By Alejandra @ArgosDe

My journey starts with a view of the arid Arabian peninsula from the window of the plane, and my subsequent understanding of how it is possible that the world is inhabited by 7 billion people. Our species, from its very origins, has continually evolved to survive in every environment it has found itself in. No animal in Nature is less equipped than Man to survive in harsh conditions; Man has thus been forced to rely on intelligence and technical skill to thrive in hazardous climates and terrains.

I landed in Doha, capital of Qatar, a small Arab emirate in the Arabian peninsula, greeted by a great full moon illuminating a black sea. The view looked as if it were taken straight out of a Sugimoto photo: a darkness broken only by the lights of a few boats.

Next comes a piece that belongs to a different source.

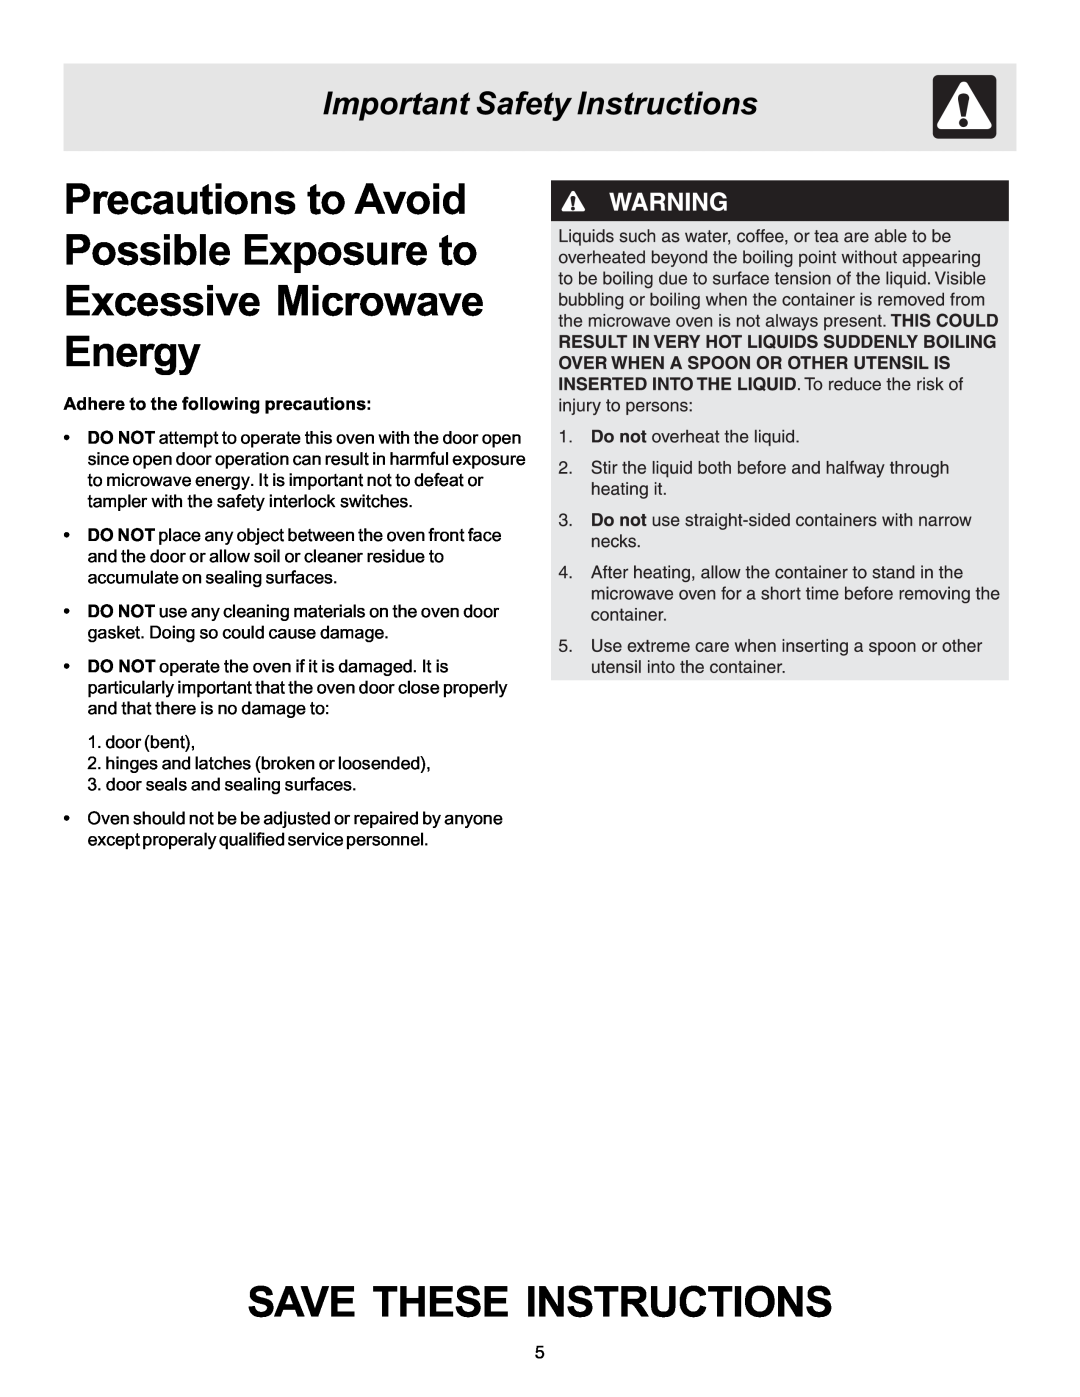 Frigidaire 316495002 manual Precautions to Avoid Possible Exposure to, Excessive Microwave Energy, Save These Instructions

This Persian Gulf emirate’s main economic activities were fishing and pearl gathering, until the recent discovery of large oil and gas reserves inevitably led to a complete transformation of the country’s economy and wealth.


I had only scheduled one and half days in Doha, and within this time I wanted to get an impression of what the city is really about. Museums here close at 5pm, so I had to hurry. The two key museums in Doha are the Mathfa (Museum of Modern and Contemporary Art) and the Museum of Islamic Art.

  

           F:A de A. Ismail Fattah                       F:A de A. Esculturas de Adam Henein

I started with the Museum of Modern and Contemporary Art. Mathaf has a small collection of Arab modern art from a small number of artists, including art from 1840 up to the present day across 5,500 square metres. I was impressed by the sculpture at the entrance to the museum, a testament to human strength. Sadly I left without taking down the name of its author.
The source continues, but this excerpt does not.